Thanks all for joining! See you next month!

August 9th, 2018

These are the notes from our second community call, held at 11:00am EDT on Thursday, August 9th, 2018.

  1. Lean Table View

    SHIELD now supports a Lean Table View, for collapsing lots of cards into a more compact, tabular view. We'll be working on making that view also available on the wizards (configure backup, run ad hoc, and restore).

  2. Optional Compression

    Bzip2 Compression of archives is now optional. The implementation makes it modular, so we can add in new compression schemes (gzip, zip, lzma, etc.)

  3. Plugin Reference Documentation

    We've started documenting the SHIELD Plugins and their configuration.

Thanks all for joining! See you next month!

July 12th, 2018

These are the notes for our first ever community call, held at 11:00am EDT on Thursday, July 12th, 2018.

  1. The Website

    We have a website at https://shieldproject.io.

    We are putting all of our documentation, guides, and manuals there

    Work is underway on fleshing out the SHIELD Operator's Manual, and the Plugin Reference.

    We're also hoping to build out recipe-based docs like How do I backup Cloud Foundry?

  2. The Trello Board

    We have started using a Trello Board for coordinating developer activity. If you want to get involved in hacking on SHIELD, ask in the #help channel on Slack.

    Github Issues will still be the place to report bugs and ask for feature requests. Trello is more for things that require multiple different states, prioritization, backlog management, etc.

    Every month we will be highlighting delivered features and fixed bugs that we feel are important enough to announce (big, operator-visible stuff), and discussing our focus for the next month.

  3. Current Future Direction

    We've got a lot of minor bugs in the Trello backlog; we're focusing on those first, to get them fixed and get the fixes shipped.

    We've also conducted an internal review, which we're calling Gap Analysis. Put simply, it's all the things we haven't finished, and all the features we know we need but haven't implemented. This includes things like being able to edit systems from the web interface, viewing tasks, rescheduling backup jobs, etc.

    Once we've got the bug backlog tamed, we'll be moving onto the gap tickets.

  4. Release Cadence

    We're hoping to hit a weekly release schedule with SHIELD, the SHIELD BOSH release, and the SHIELD Genesis Kit. Our current plan is to cut new point releases on Friday afternoons.

  5. Open Forum

    Jordan asked a bunch of questions. Thanks, mate!

    • CLI Help Documentation - Curious whether or not we were going to provide more documentation for CLI usage, either via the website, or inline via --help flags.

      Short answer: yes.

      Long answer: definitely yes, via both methods. We'll review the state of SHIELD help inside the CLI, and see if there are logical places to flesh out what we've got, cover more abstract topics, etc.
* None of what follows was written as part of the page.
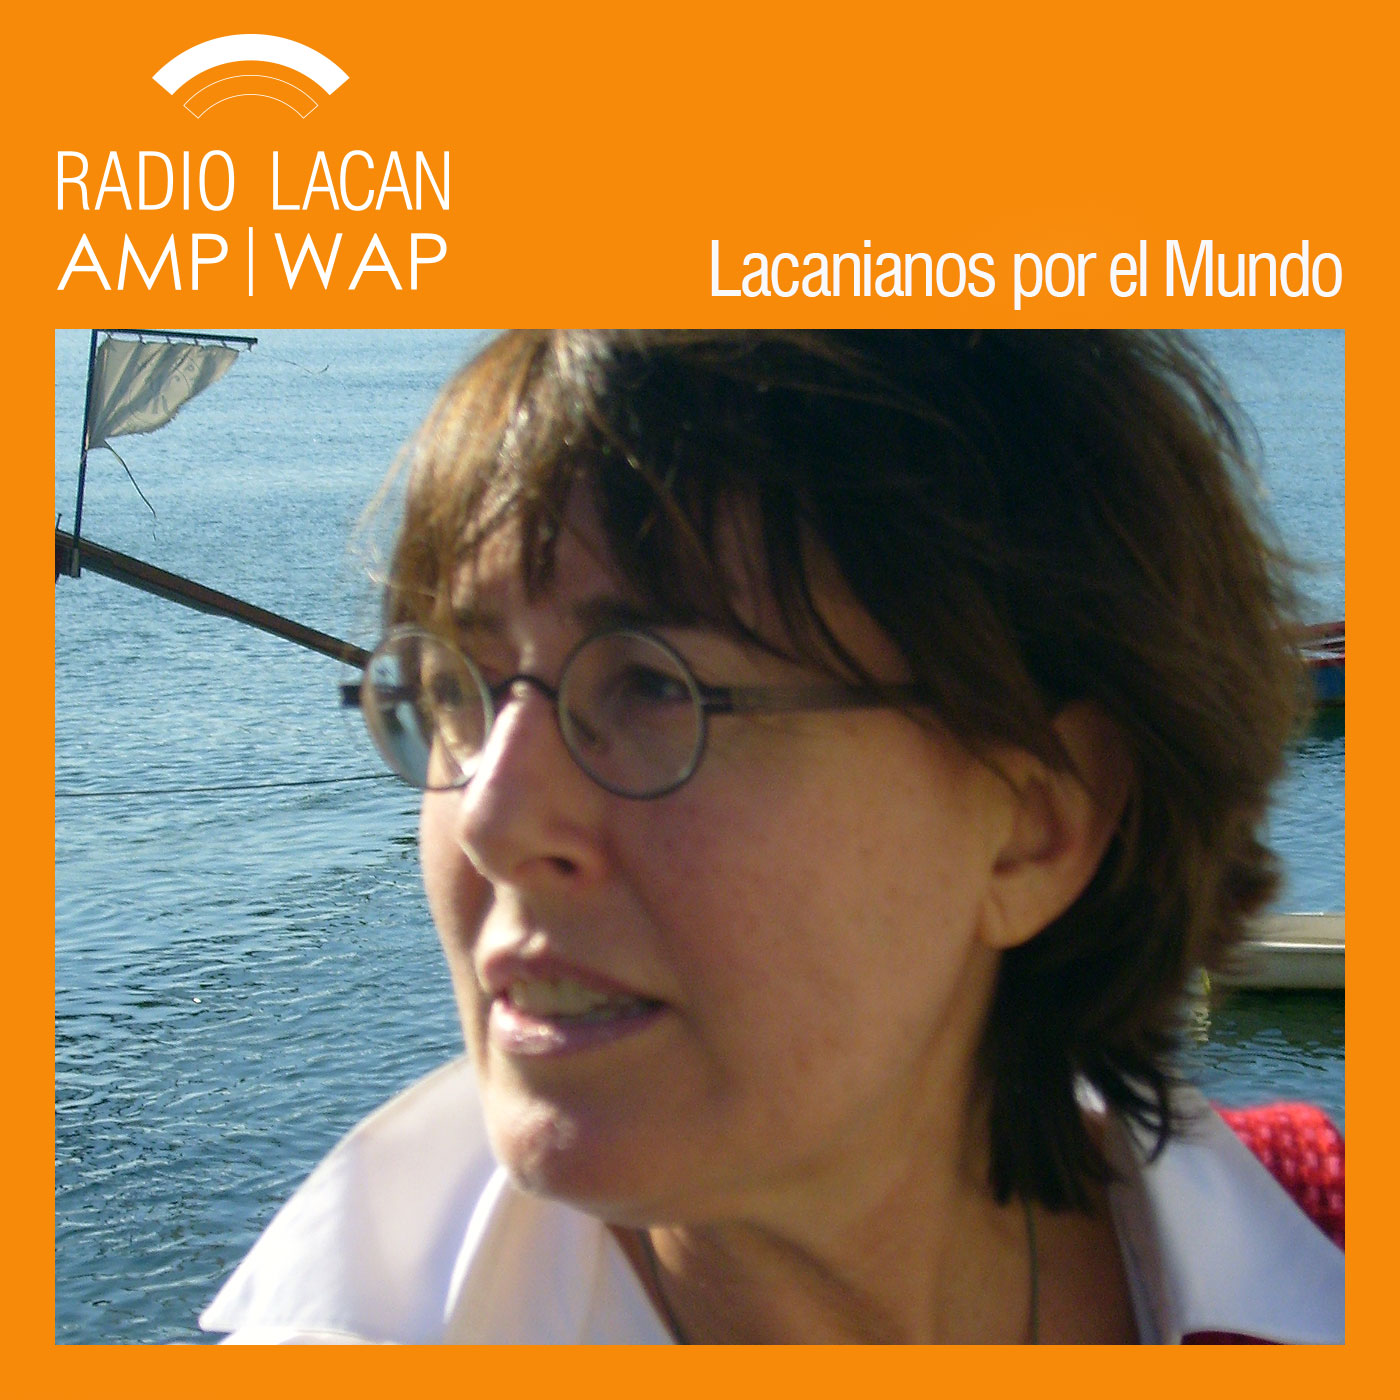 RadioLacan.com | <![CDATA[#LacanianosxElMundo: Ginebra. Entrevista a Beatriz Premazzi]]>

    • Can SHIELD itself be recovered via the CLI only?

      Currently, no. The SHIELD recovery mechanism (with the fixed key backup) relies on visual elements that are part of the Web UI. However, it's a good feature (one we're missing, so it's a "gap"), and we'll be looking into support for that particular workflow.

    • Manual Archive Management - Having deleted archives manually from backing cloud storage, Jordan noticed that the SHIELD Web UI didn't update its storage usage counts.

      This is normal, and we'll address it specifically in the documentation, since SHIELD expects to have full and complete control over cloud storage. We did talk through a UI view (CLI and Web) for browsing cloud storage archives, and deleting them there, with an eye towards reclaiming space.

    • Monitoring and Notifications - Is it possible to notify about storage usage limits being reached, failing storage, failing jobs, etc.?

      Short answer: yes, via the /v2/health endpoint, in an external monitoring system.

      Long answer: we have plans for a separate project / product, for handling notifications more globally, with business logic and dispatch rules built into that system, which SHIELD would then integrate with.

Thanks all for joining! See you next month!